Vitronic tests sensor tech in Hamburg

Vitronic aims to improve VRU safety using V2X on German city's real-world 'test' track
Detection, Monitoring & Machine Vision / May 24, 2021
By Ben Spencer
Vitronic Test Track for Automated and Connected Driving K94 junction
Victronic says a camera installed on a light pole will record the flow of traffic (image credit: Vitronic)

Vitronic has installed sensor technology in Hamburg aimed at optimising traffic flow and protecting vulnerable road users (VRUs).

The vision technology firm is using the German city's Test Track for Automated and Connected Driving (TAVF), a network of public roads containing various installations for the use of Infrastructure to Vehicle and Vehicle to Infrastructure communications.

In addition to automated and connected driving functions, it also allows manufacturers and researchers to test ITS applications, safety and assistance systems - all in a real-life traffic environment.

The city is the location of October's ITS World Congress and Vitronic plans to present the results of its work there. 

It is testing the systems at what the company calls a 'danger point', the congested traffic junction K94.

A video camera was installed on an existing light pole to record the flow of traffic coming from Schröderstiftstraße in the direction of the K94 junction (Rentzelstraße / Schröderstiftstraße / An der Verbindungsbahn).

A second camera was fitted to a pillar located directly at the K94 junction.

Both cameras record the incoming traffic from the direction of Schröderstiftstraße. The real-time data collected is available for further processing by the traffic lights control processes at the K94 junction.

The aim is to optimise traffic light control so that waiting and travel times are reduced for all road users.
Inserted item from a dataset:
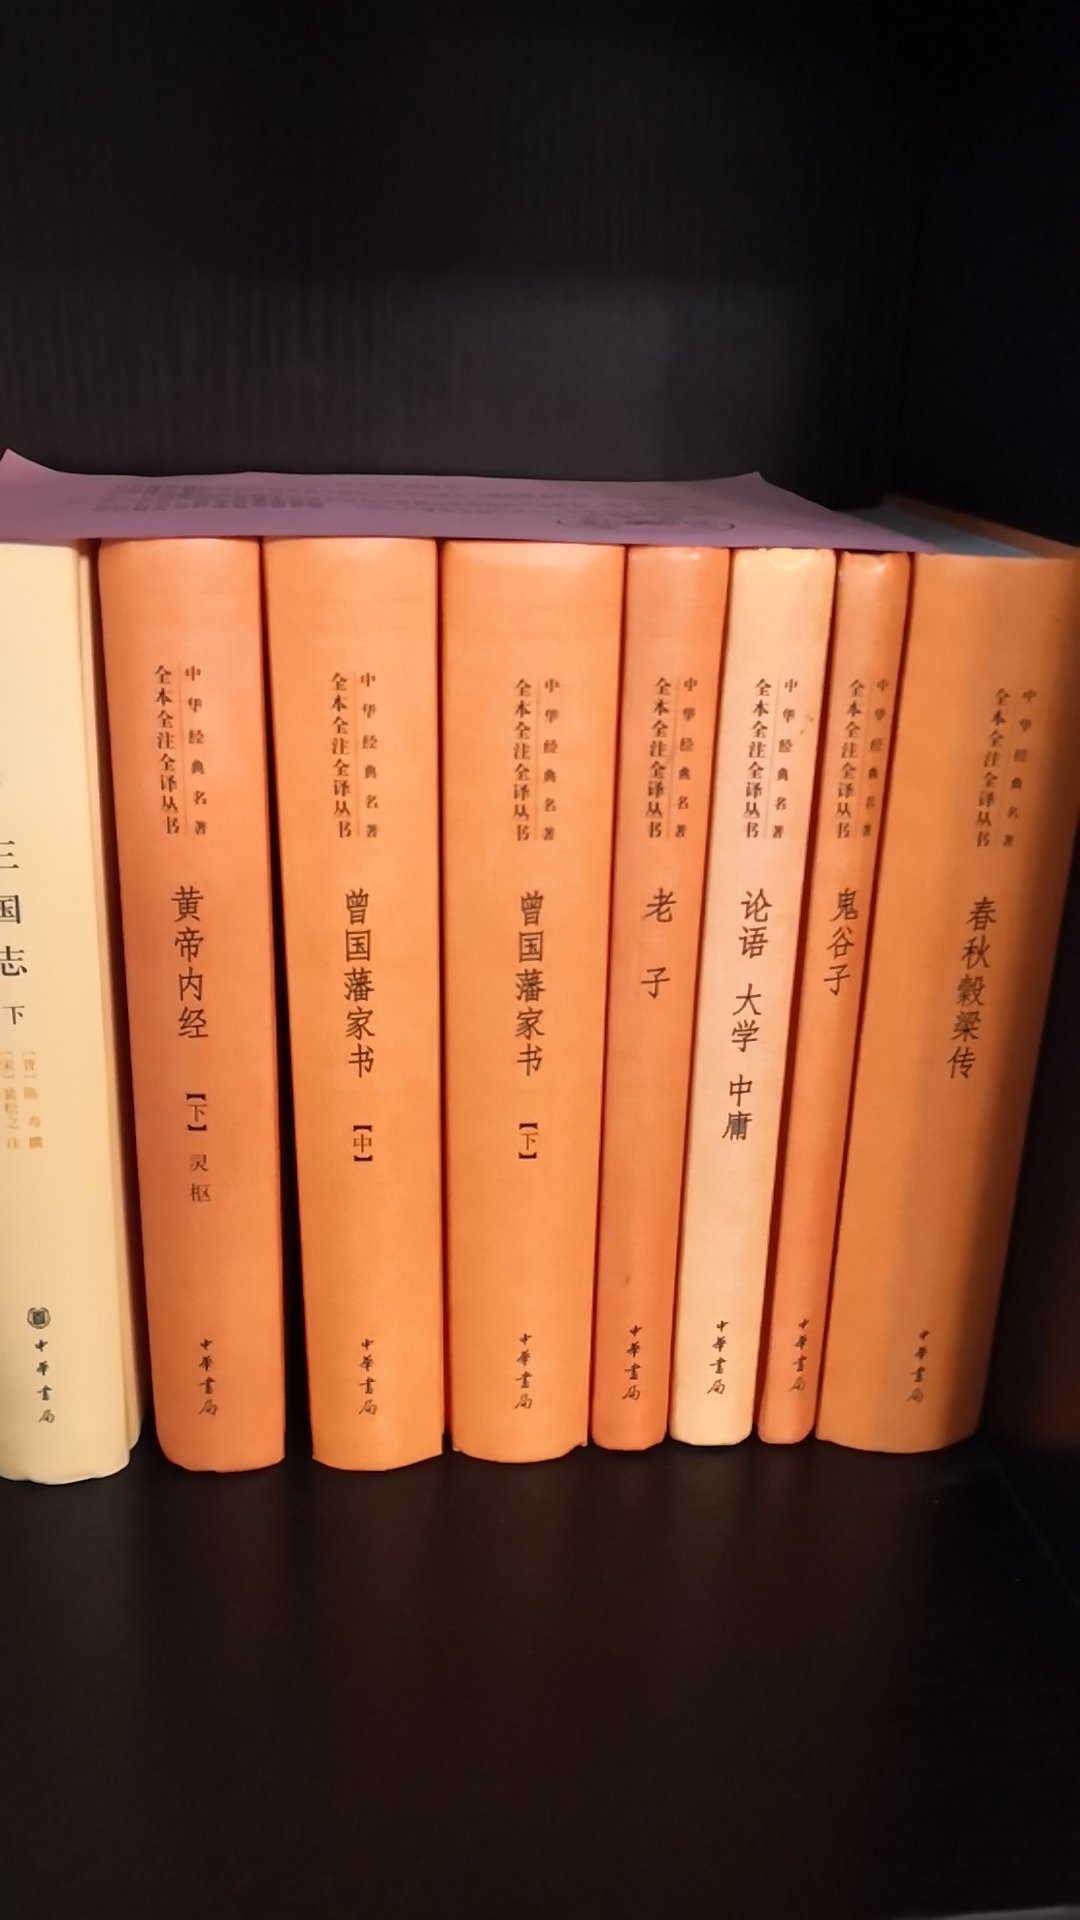 非常好中华书局出版的书，一直在看

For example, green phases could be extended at peak times so that an increased number of cyclists and pedestrians can cross the road safely.

Additionally, Vitronic has installed two additional sensors and a 3D radar to increase traffic safety for VRUs in the area of the K94 junction. 

In the future, collective perception messages (CPM) could be sent to vehicles passing the intersection.

This would be intended to direct the attention of drivers or (semi-) autonomous vehicles to situations detected by the sensor system that are potentially dangerous for VRUs.

Position data of all traffic objects detected by the sensors can be continuously sent via CPM. Currently, the communication between the roadside unit and the on-board unit is being tested and improved.